Oh Max Im soooo sorry! I miss her too, I cant believe she's gone!!! *lots and lots and lots and lots and lots and lots of hugs*


----------



## flamingauburnmustang (Dec 25, 2008)

Thanks everyone! I will miss her, and I guess only time will lessen the pain...


----------



## my2geldings (Feb 18, 2008)

awwww so sorry to hear about the news. It is so comforting to know she was in your care all this time, all the way to the time went. She must have been so much at peace and to me, it is so comforting.

Sending all my love from Canada.


----------



## Speed Racer (Oct 21, 2009)

flamingauburnmustang said:


> Thanks everyone! I will miss her, and I guess only time will lessen the pain...


Yes, the best healer is time.

You'll eventually be able to talk about her with a smile, and remember all the good times. It takes awhile, but you will. I promise.

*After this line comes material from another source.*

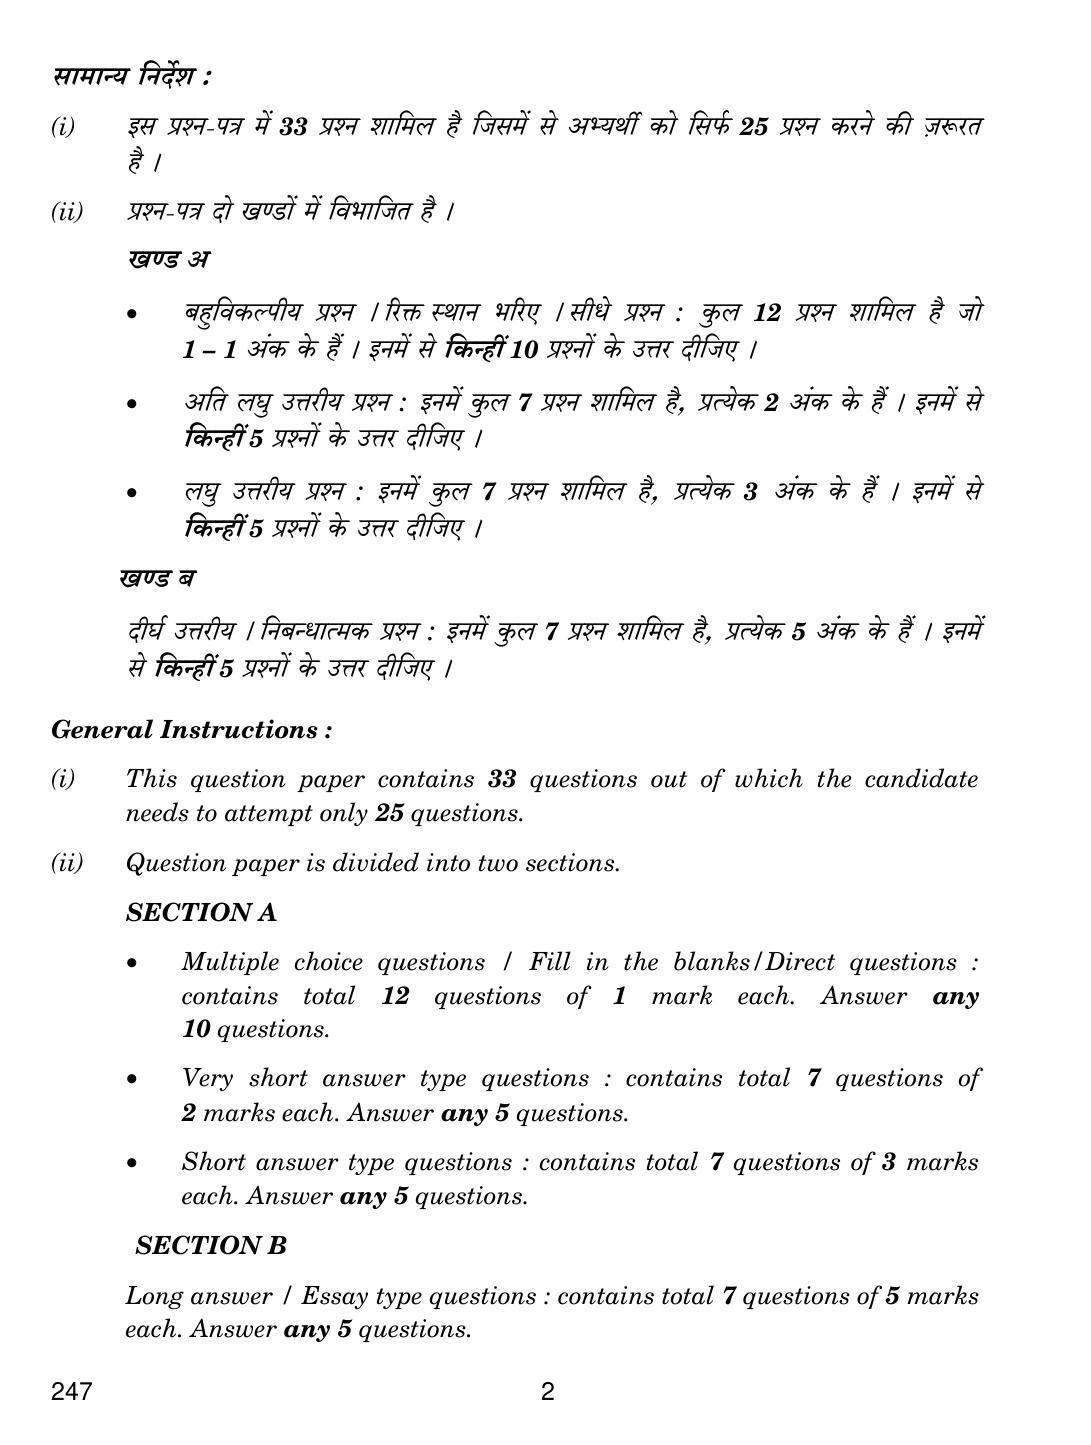 CBSE Class 12 247 Geospatial Technology 2019 Question Paper - Page 2
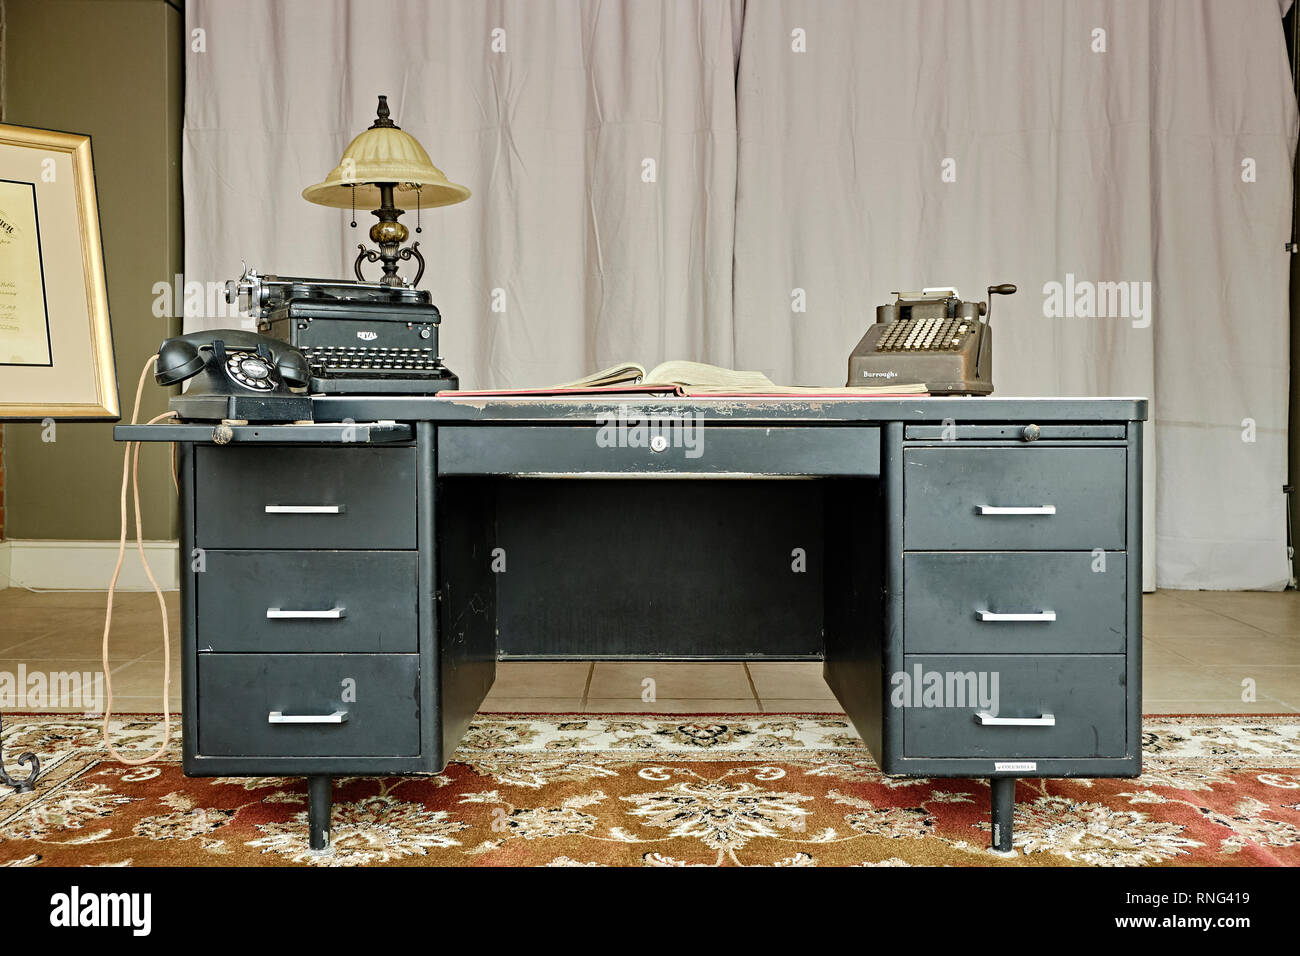 Antique Desk And Typewriter Stockfotos Antique Desk And

My deepest condolences. It's always hard to lose one, but the extra special ones are that much worse.


----------



## Jordi (Nov 29, 2009)

I'm sorry to hear about Stoeka. She was a beautiful girl. :-(


----------



## flamingauburnmustang (Dec 25, 2008)

I'm starting to find it a little easier to talk about her now. I'm remembering all the good times we had together, and all the joy she brought to us. She will be a horse that I will remember everyday that I ride, and she will be the special one that helped me through lots of times...

There is not one day I go without thinking of her...


----------



## LoveStory10 (Oct 31, 2009)

I know how you feel, she really was an awsome horse... Its as you said; only time can heal it, and its good you can talk about her  And if you DONT think about her everyday, I'll beat you with a brick like Sammy threatens


----------